J.R. Hay

Looking to sharpen my poor programing skills, I decided to take on an afternoon side project. Scouring through the various forums I came across a math problem which I thought was and interesting and within the reach of my skills – the Knights Tour. The premise is simple, take a Knight at any of the four corners of the chess board and move such that you land on every space once without repetition. For my weapon of choice I chose MATLAB, primarily because it the one which I have the most comfort and the one I will be working with during my summer internship and in future research.

The solution I landed on works by taking all the potential moves and then looking at their potential moves, second order potential moves if you will. Potential moves being moves that abide by the rules of the Knight, abide by the boundary conditions (don’t exit the board), and have not already been made.

The knight moves moves in the combinatorics of [+/-2,+/-1]. So if we set up a grid in which the checkerboard exists on a 8*8 coordinate system (0-7*0-7 because I like to start indexing at 0.) then we can compute these possible moves by adding the permutations to the current position. Next we can cull based off of the remaining two rules, boundary conditions, and moves already made. Now we have a list of possible moves… but which one do we choose?

We run the whole thing again creating branches for each possible move.
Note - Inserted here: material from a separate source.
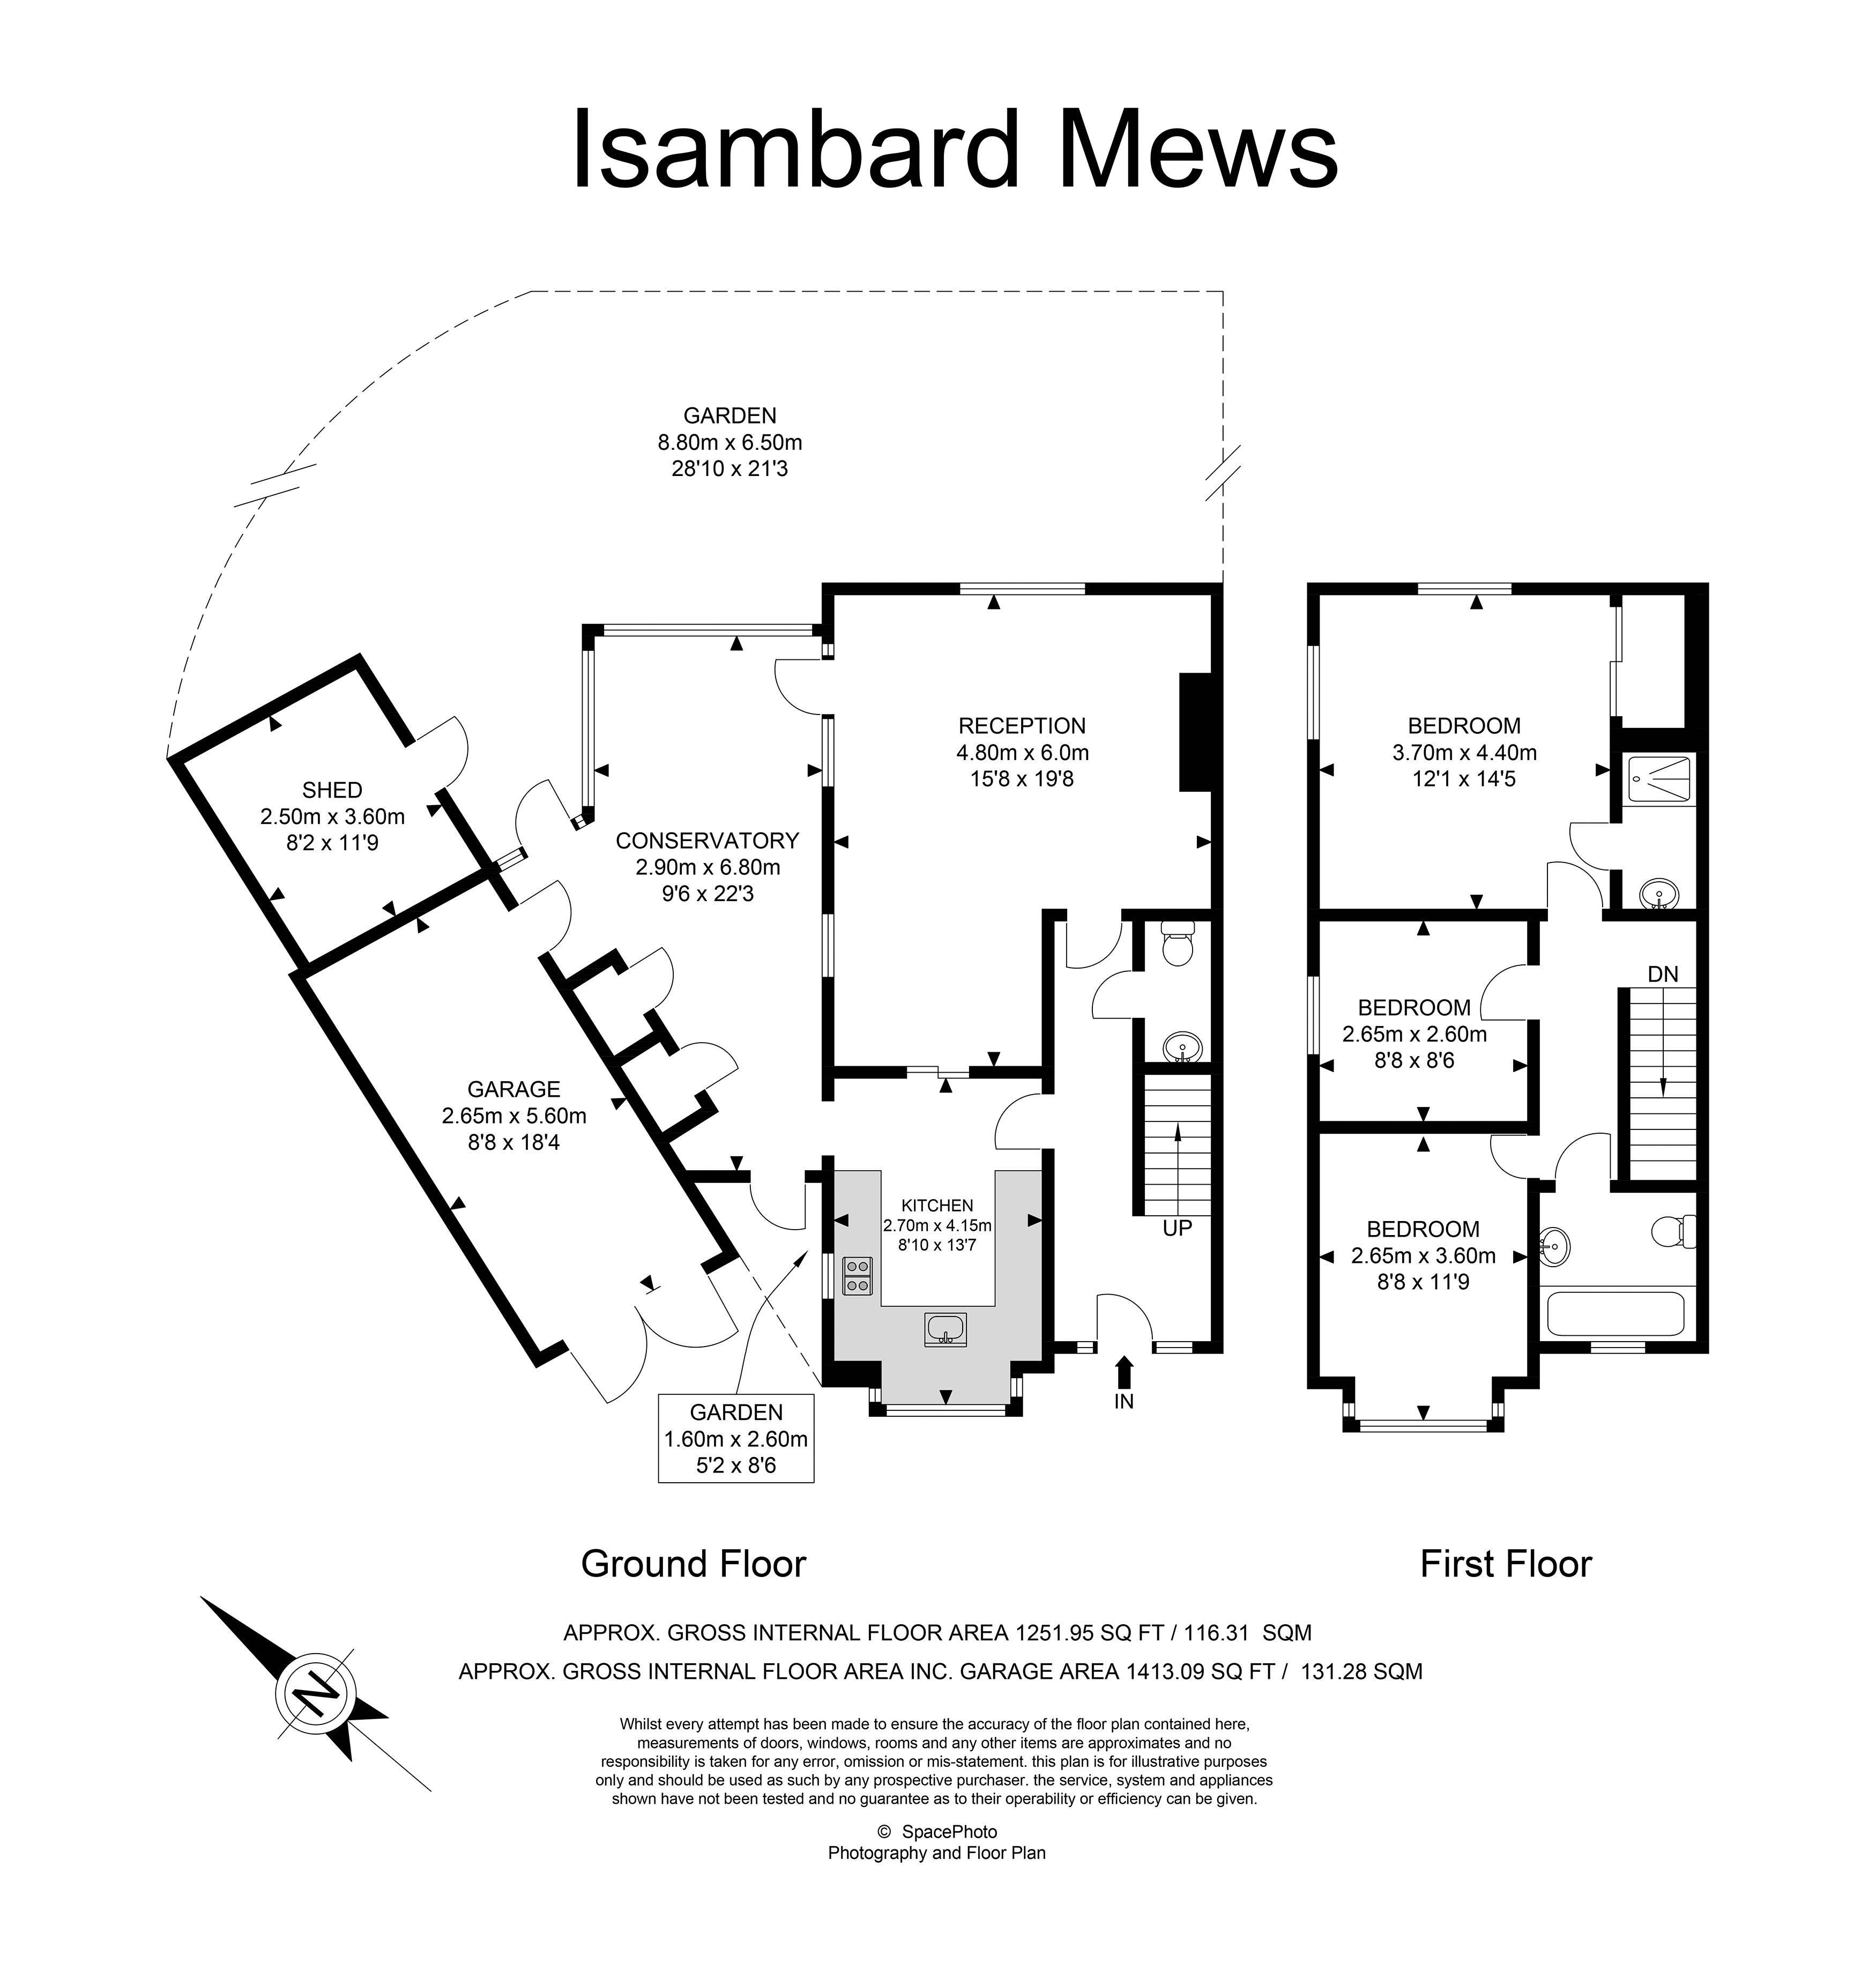 Isambard Mews, Isle of Dogs
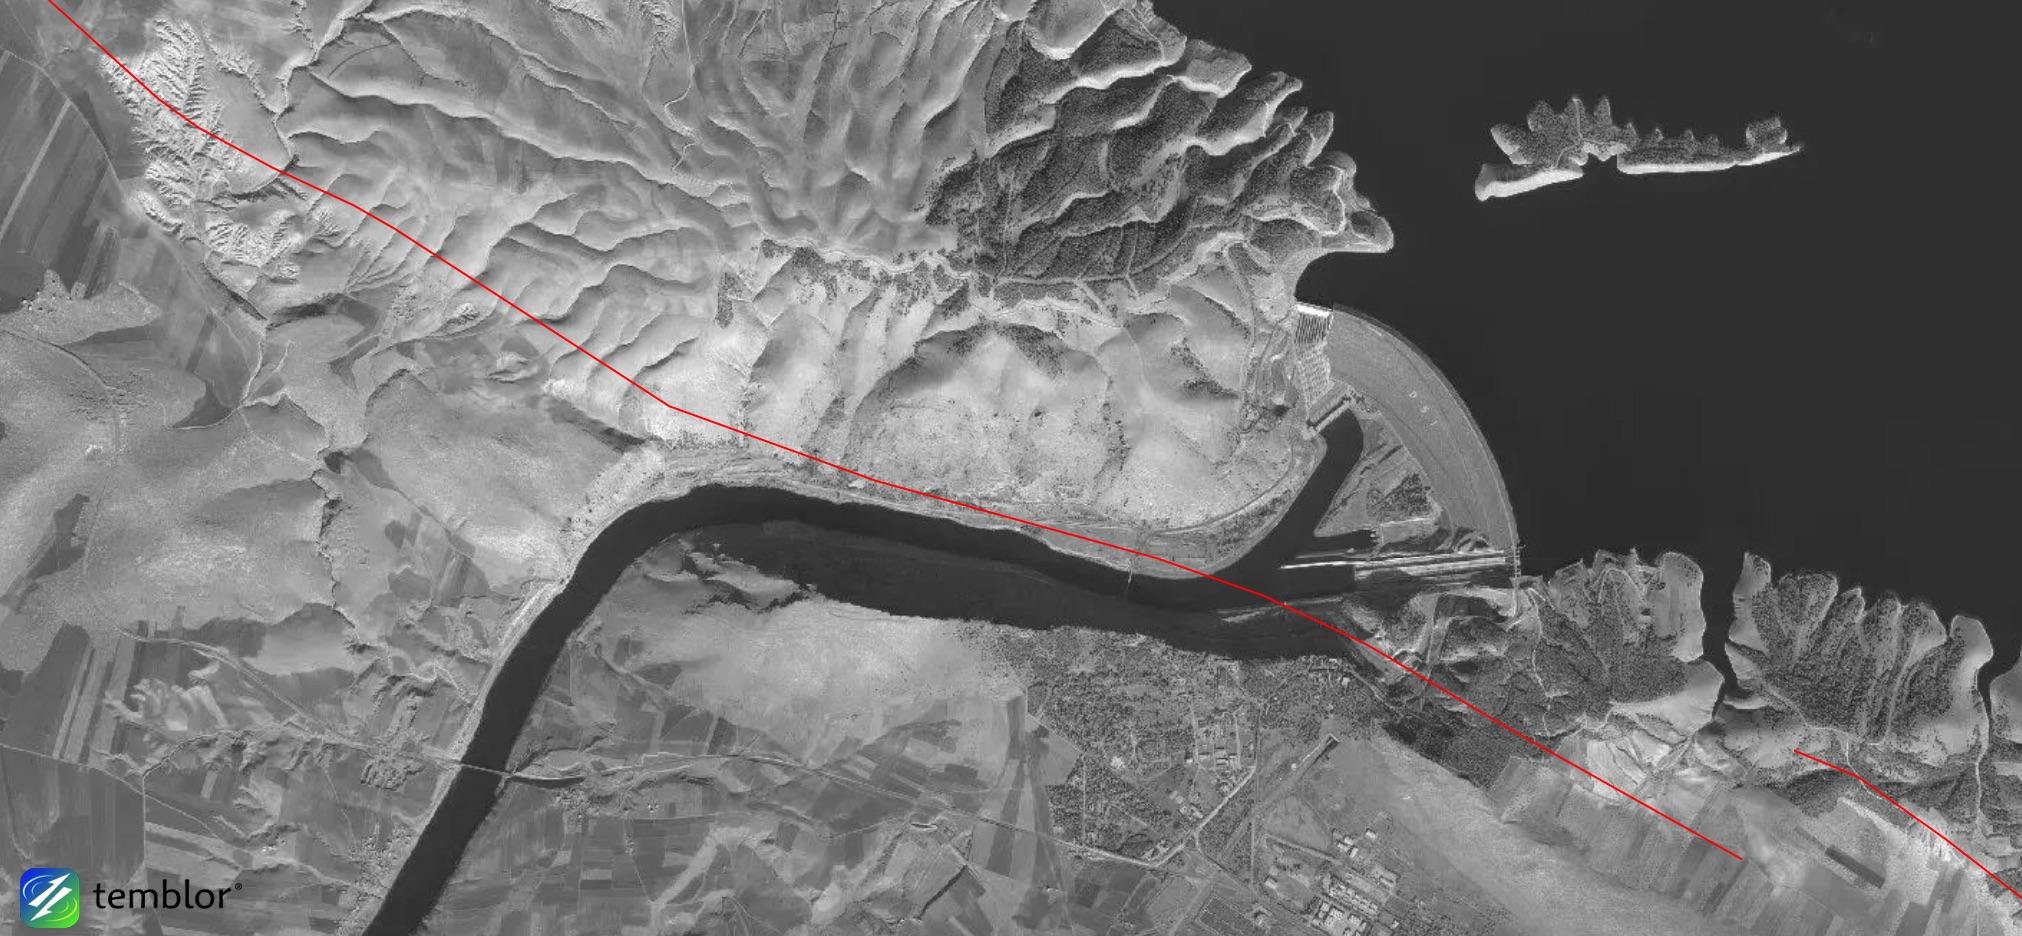 http://static.temblor.net/wp-content/uploads/2018/04/Ataturk-dam-fault.jpg

We note how many possible moves each branch has and choose the branch with the lowest possible moves, this is our best move. [Note if there are multiple best moves I randomly chose from them, this happens frequently during the first few moves and decreases as the board fills.]

This entire solution is based in graph theory, where all of our points are connected in a web like graph. Our goal is to hit every point on this graph once and only once a path known as a Eulerian Trail.

Here is my finished circuit, the orange squares are previous moves and the red square is the knight, since I only look toward the second order of possible moves it does not always make a Eulerian Trail.

All in all it was a fun project to sink an afternoon into and not to hard if you would like to go after it yourself.